Jan Svankmajer, in other words: "Artist and filmmaker [...] he is one of the acknowledged masters in the history of animated cinema (and not only that). Author of dozens of short films and a few feature films, created over more than 40 years, this phantasmagorical animator of objects and teller of often unsettling tales has managed to create an imaginary world of surreal everyday life, where the cannibalistic obsession with food, a penchant for collecting worthy of a sixteenth-century wunderkammer, and a bizarre eroticism and voyeurism blend together indissolubly, giving rise to a cinema of the unconscious and metamorphosis" (Gianluca Aicardi).
A genius, to put it simply. If you've never seen his version of "Alice in Wonderland", simply titled "Alice" (1988), you've missed a piece of cinema that no one had ever touched before and no one will ever replicate again. No conventional stop motion, no classic animation: this is not Disney's world, nor the Burtonian universe of "Nightmare before Christmas." Here we’re in a whole different league, a one-way group that belongs (or rather, belonged) only to Jan Svankmajer (he’s still alive, just to be clear—he’s 91 now—but hasn’t produced anything since 2001: a pity). Someone like Terry Gilliam even hailed him as his guru, just to give you an idea. And then there’s that famous definition given by the American critic Anthony Lane in the "New Yorker": "The world is divided into two groups of different sizes… those who have never heard of Jan Švankmajer and those who have seen his works and know they have come face to face with a genius."
Svankmajer used a style of stop motion all his own: in practice, he made things move, animated the inanimate, gave life to lifeless objects. Main characteristics: extremely intense sounds and food (present in every one of his works); ultra-fast sequences intended to challenge the viewer’s eye—and thus their attention; inanimate objects coming to life with, often, no logical explanation. Now, if this has piqued your curiosity, check out this link (recommended viewing before continuing with the review): https://www.youtube.com/watch?v=L-gGpWpra-g.
In 11 minutes there are three sequences.
First.
Inspired by Arcimboldo’s art, two heads composed of many objects cross paths ten times in succession. At each encounter, they eat each other, until they become homogeneous and similar. Food, the obsession with feeding. First and foremost.
Second.
Sexual intercourse between a male and a female, both shaped out of plasticine. At the end of the lovemaking, a fragment of plasticine appears, sparking a quarrel between the two main figures and resulting in their separation.
Third.
Two male heads pull objects of various kinds out of their mouths (almost vomiting them).

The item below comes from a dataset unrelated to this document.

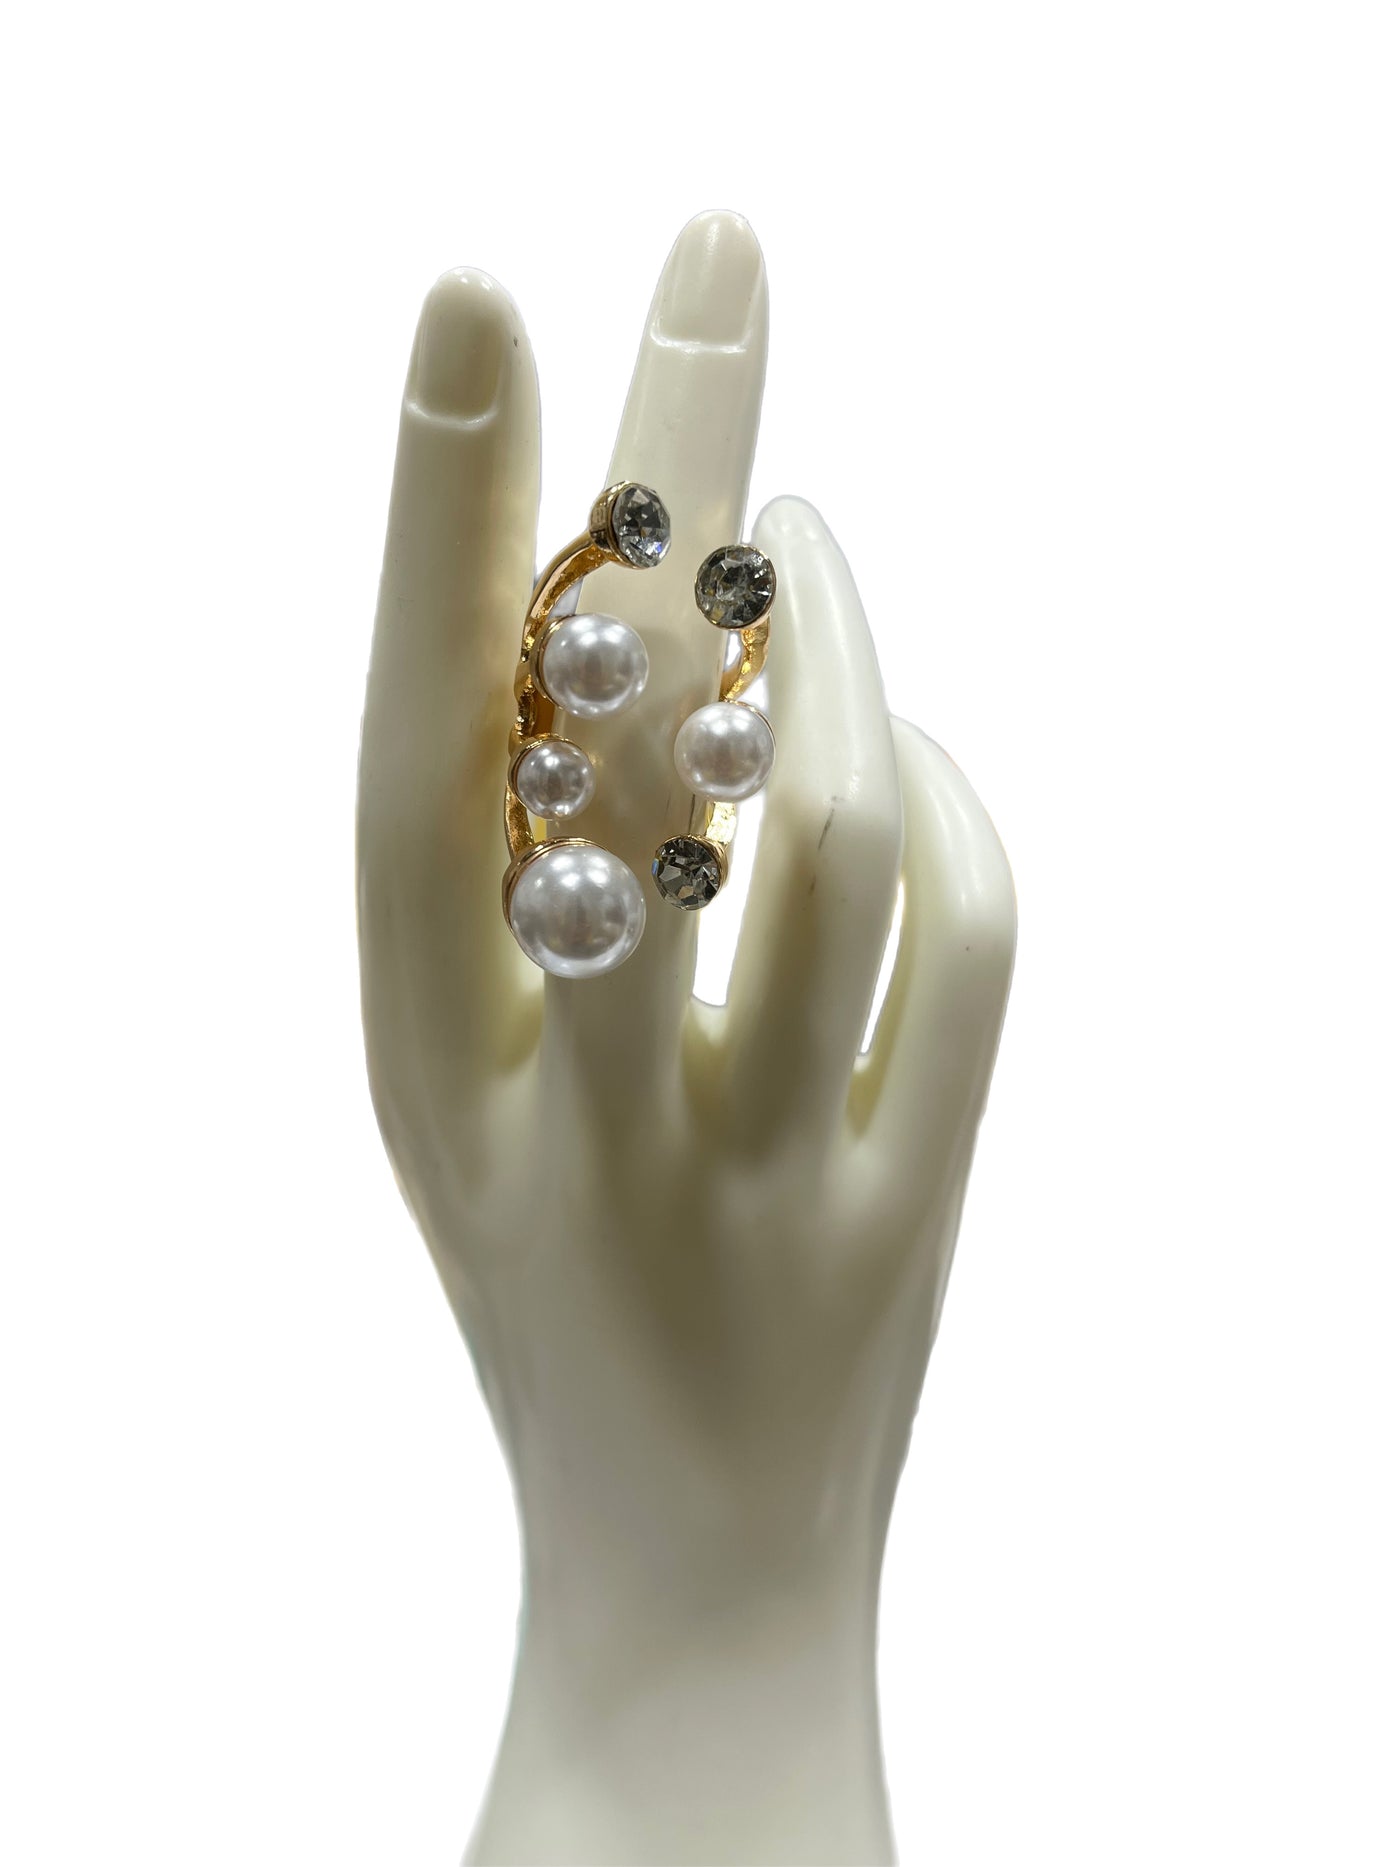 Your Highness Pearl statement ring

These objects pit themselves against one another, making dialogue impossible. And here is the meaning of the work, and of its title: in all three cases, human interaction is shown as impossible (even if often the objects represented aren’t human at all): man does not converse; he "vomits" his beliefs and social conventions at the other, leaving only two possibilities: separation, or absorbing the other and thus turning him, in effect, into a duplicate of himself.
Or, as critic Dirk de Bruyn once put it: "This is our digital world, staged back in 1982." And I echo the words of Regina Pessoa, who in 2011 at the 29th Bergamo Film Meeting said: "I’ve watched it a thousand times... I’m still fascinated by it." Even better is Morando Morandini’s definition: "Action, passion, devastation: a realistic triptych on the human condition."
So why, among all his short films (or feature films), choose this one? Here, the choice becomes, evidently, more personal: it was the first of his I saw many years ago, it’s the one that’s stuck with me the most (and, truth be told, it’s not even his best) and perhaps it is the most desperate—not of Svankmajer, but of cinema in general. I find that a work so brilliant and yet so desperate, aiming to tell what’s usually hidden, and leaving no trace of positivity whatsoever (this is the world, these are human beings), narrated through the most particular and innovative animation possible, is a stroke of genius impossible to replicate (and indeed, no one has).
I recommend other works by Svankmajer, but there is a whole world revolving around Eastern European animation from the ‘70s and ‘80s that (almost) no one knows about on this side of the Iron Curtain (another name to remember is that of Jurij Norštejn, author of some animated fairy tales that are among the most beautiful things ever seen on film, including his masterpiece "Tale of Tales", 1979). For those interested, there’s a 2-DVD set available on the market (all praise to Raro Video): "Il mondo di Jan Svankmajer", 14 short films from 1964 to 1989, including the one reviewed here. The rest is plasticine.